But they’d already seen to it that I would’ve had to have been crazy to do any of those things. And it seemed they’d done enough vetting to be confident that I wasn’t crazy. And I’m not. There’s nothing crazy or unpredictable about me.
I’m about as middle-of-the-road as they come. I grew up as the middle child in a middle-class family in the middle of America. I played center field on my consistently mediocre high school baseball team, and I’d graduated in the middle of my class from a mid-tier public university. After floundering around with some forgettable jobs, I’d landed a position in middle management at a Midwestern bank, where I’d spent the past decade earning an average salary and average performance reviews. It was practically laughable. I couldn’t have been any more in the middle if my name had been Malcolm.
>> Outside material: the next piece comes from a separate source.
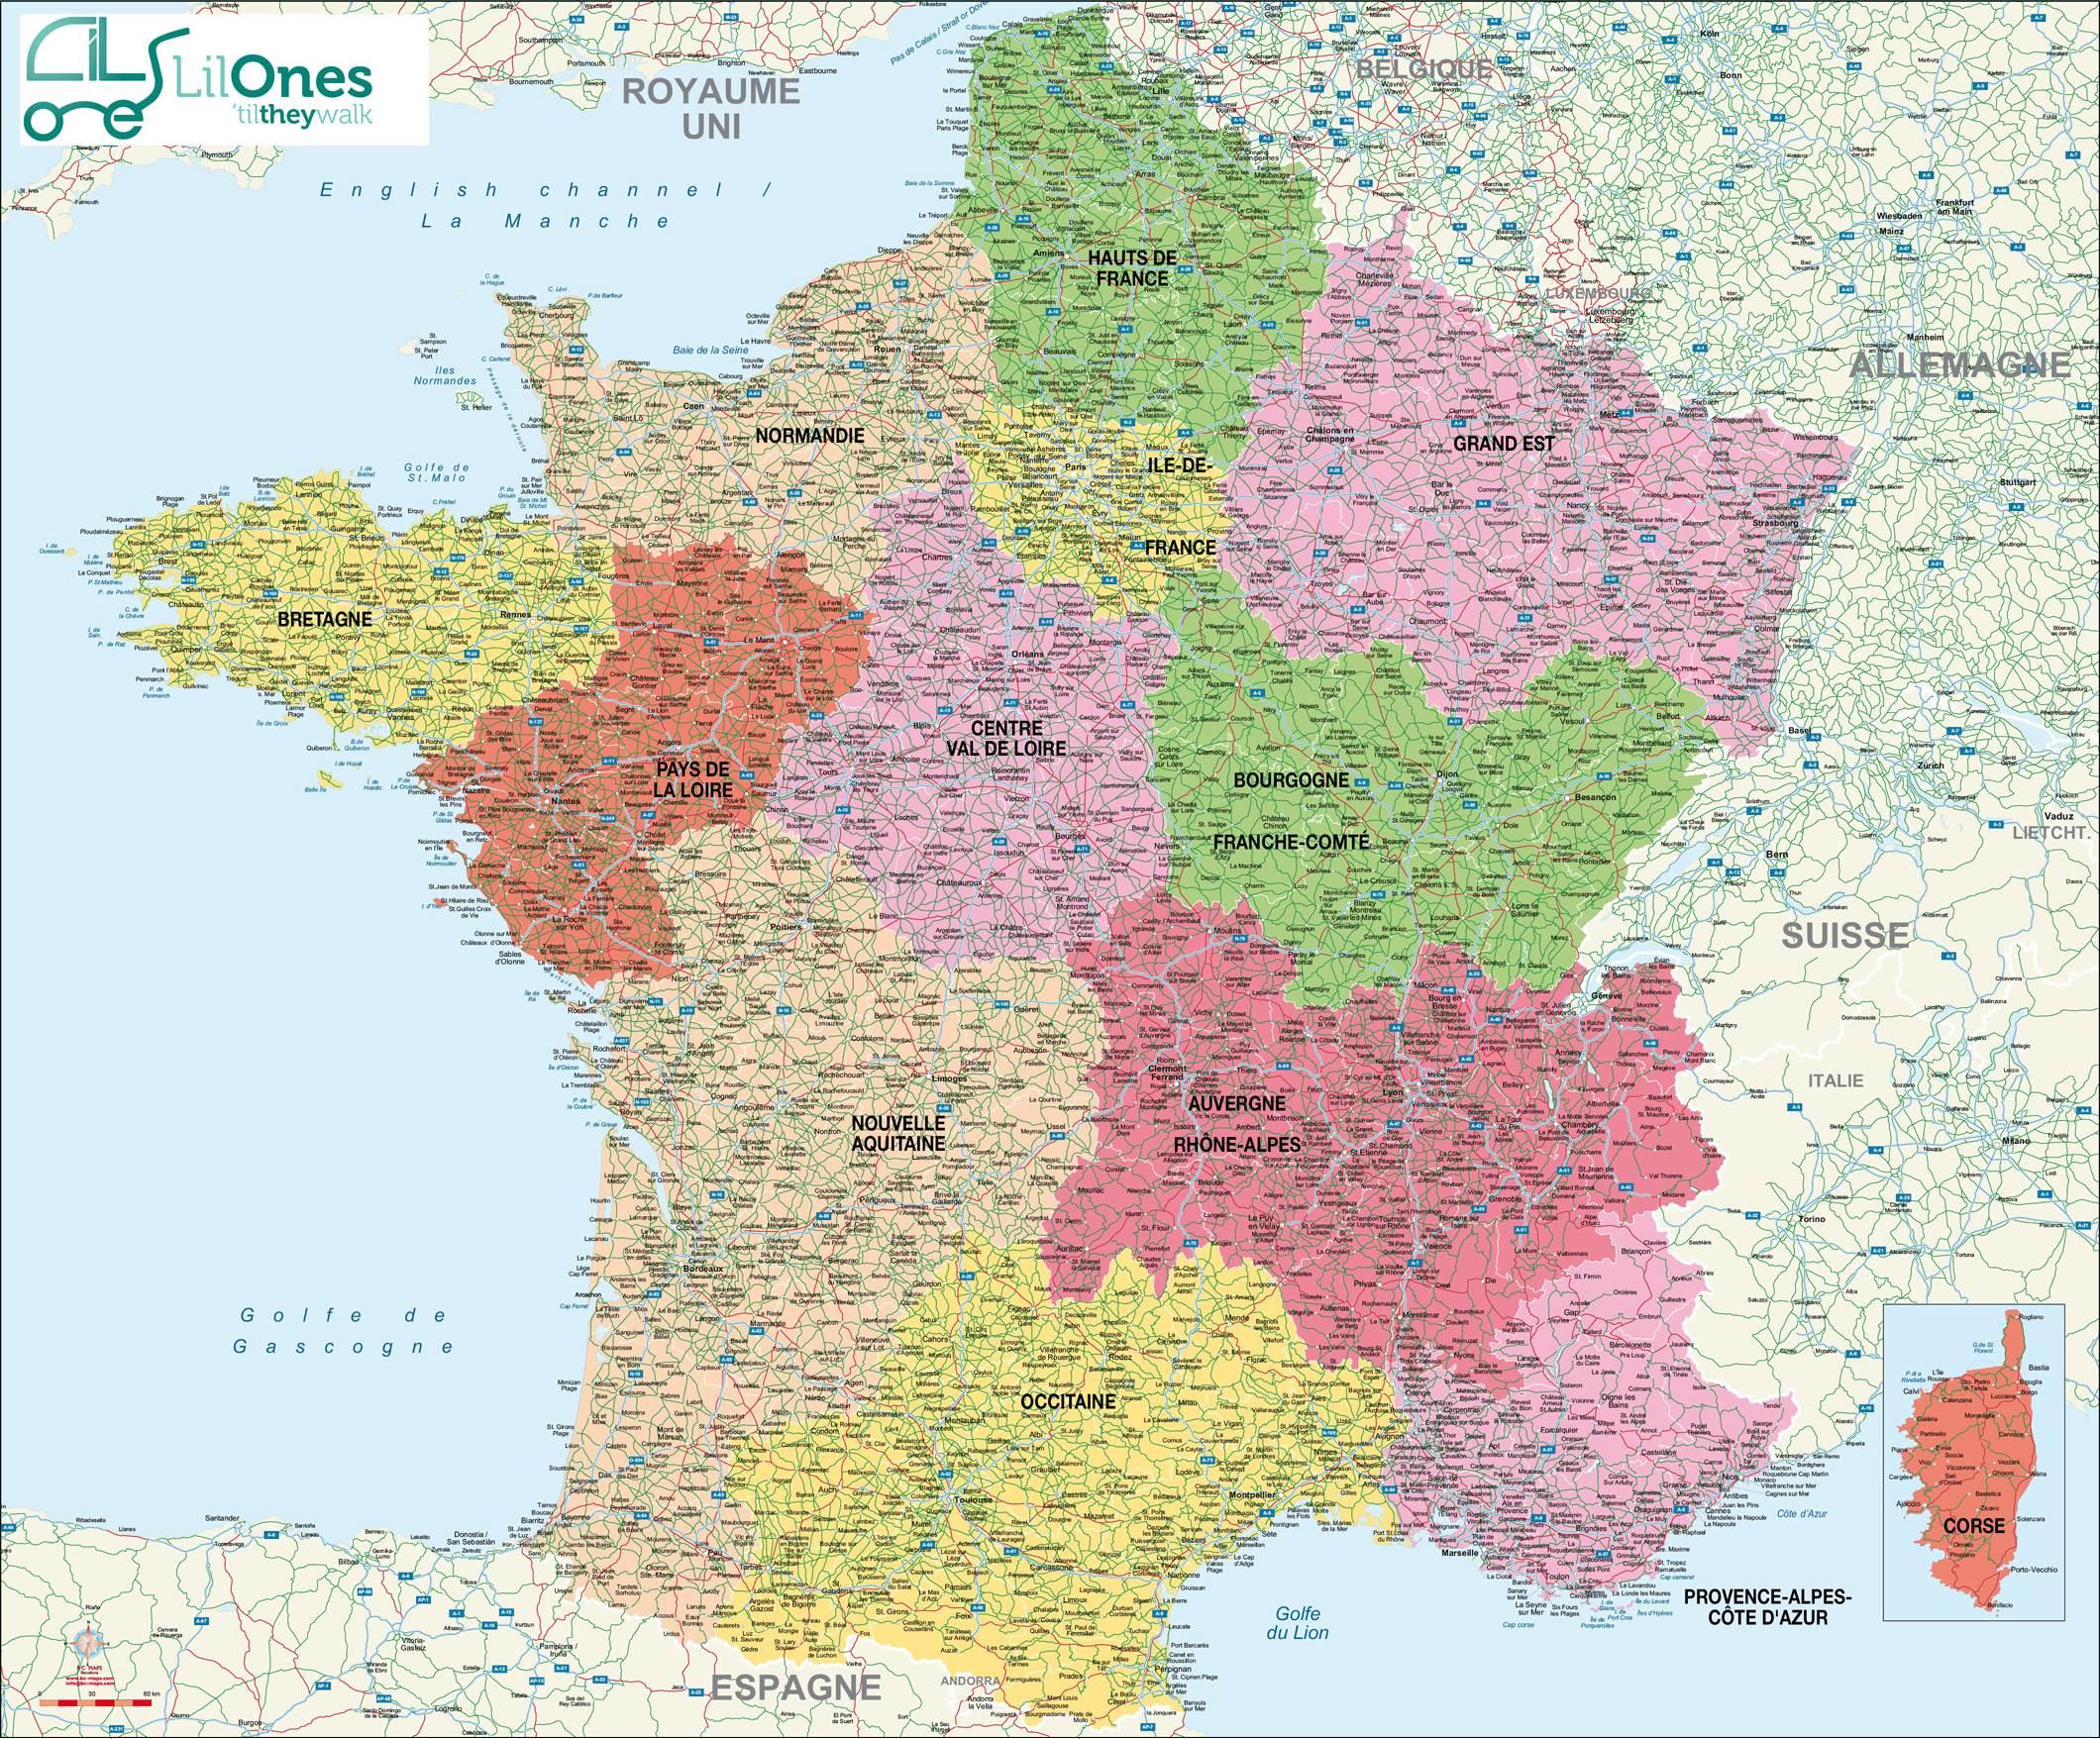 Cartes De France : Cartes Des Régions, Départements Et tout Mappe De France

Pretty much the only unusual thing I had ever done in my life had been to agree, almost half a year ago, to accept this one-year detail to man a desk at our partner bank here in Japan. Management had said they’d wanted someone reliable, by which they’d probably meant someone safe and unlikely to cause any embarrassment, to spend a year learning the Japanese approach to banking and building stronger relationships with our sometimes collaborative investment partners here on the other side of the ocean. I’m not exactly sure what I had wanted. Maybe I hadn’t had anything better to do. Maybe some little part of me had just been tired of living so much in the predictable middle all the time. Whatever my reasons, I’d said yes and moved to a small corporate apartment in Tokyo with a few boring suits and barely any personal possessions. It was almost as if, having decided to step away from my usual middling routines and take up halfway around the world in a very foreign society, I’d been determined to make the experience as unremarkable as possible.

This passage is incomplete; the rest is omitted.